Using `ignore_index` only at test time

jennhu · May 9, 2020, 3:10pm

I am training a language model. I want to ignore a certain class index (-1) in computing loss only at test time, but consider all class indices in the loss function during training.

So at test time, I map all instances of the to-be-ignored vocab items to that index (-1), and then pass ignore_index=-1 to torch.nn.CrossEntropyLoss. But that gives me this error:

/opt/conda/conda-bld/pytorch_1565287148058/work/aten/src/THCUNN/ClassNLLCriterion.cu:105: void cunn_ClassNLLCriterion_updateOutput_kernel(Dtype *, 
Dtype *, Dtype *, long *, Dtype *, int, int, int, int, long) [with Dtype = float, Acctype = float]: block: [0,0,0], thread: [4,0,0] Assertion `t >=
 0 && t < n_classes` failed.

Is this because I am training and testing my model with a different number of classes? How can I fix this? Thank you for your help!
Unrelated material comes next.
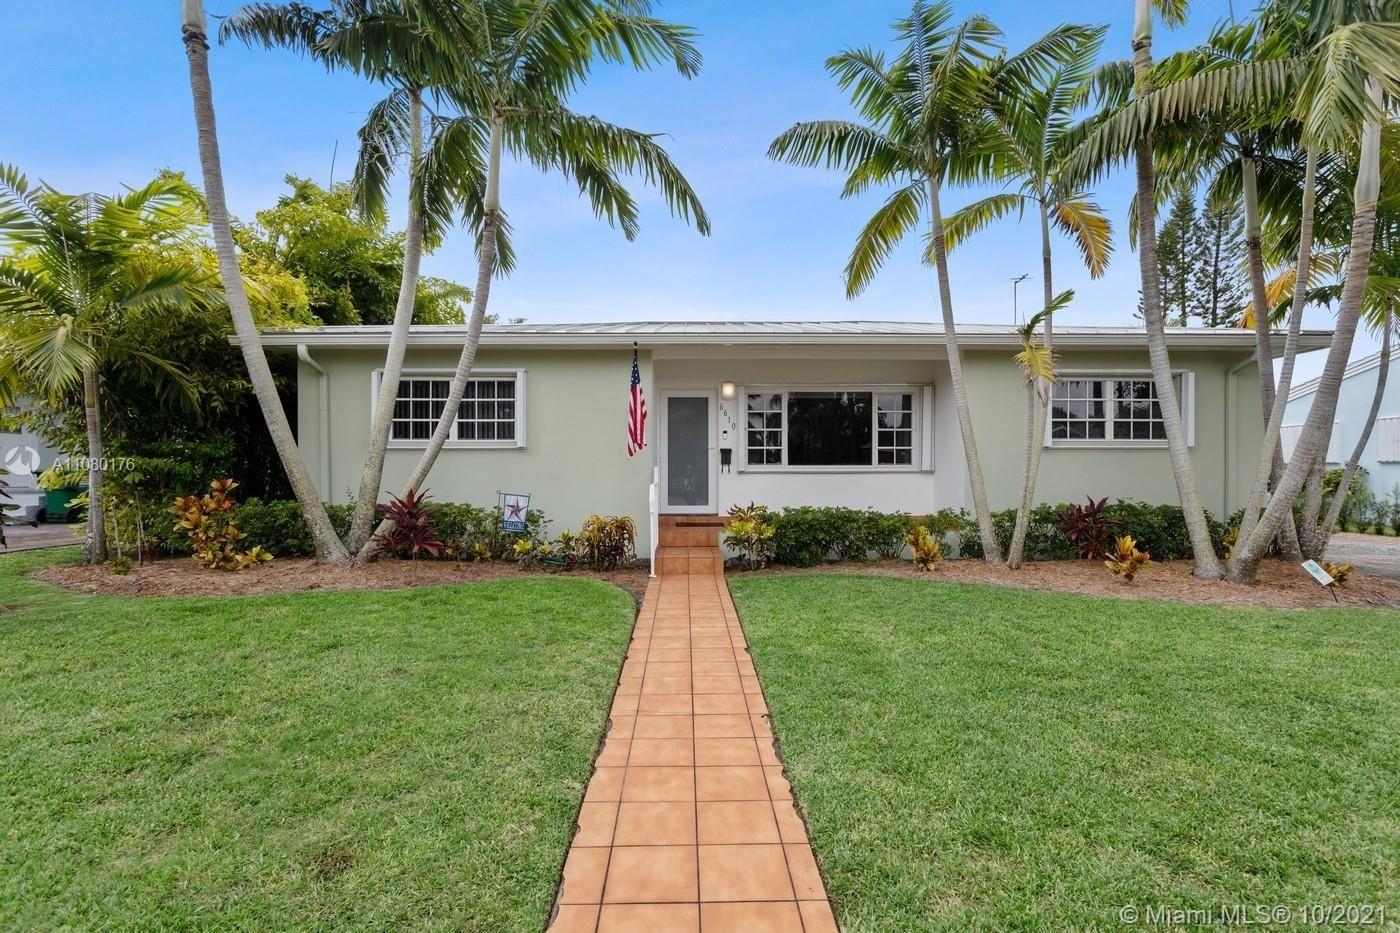 6610 SW 47th St, Miami, FL 33155 - #: A11080176

ptrblck · May 10, 2020, 6:53am

Are you sure you are using the right criterion?
This dummy code snippet seems to work:

criterion = nn.CrossEntropyLoss(ignore_index=-1)
output = torch.randn(10, 10, requires_grad=True)
target = torch.randint(0, 10, (10,))
target[0] = -1
loss = criterion(output, target)
loss.backward()
print(output.grad)

The gradients at output.grad[0] are all zeros as expected.

If that doesn’t work, could you please post a code snippet so that we could have a look?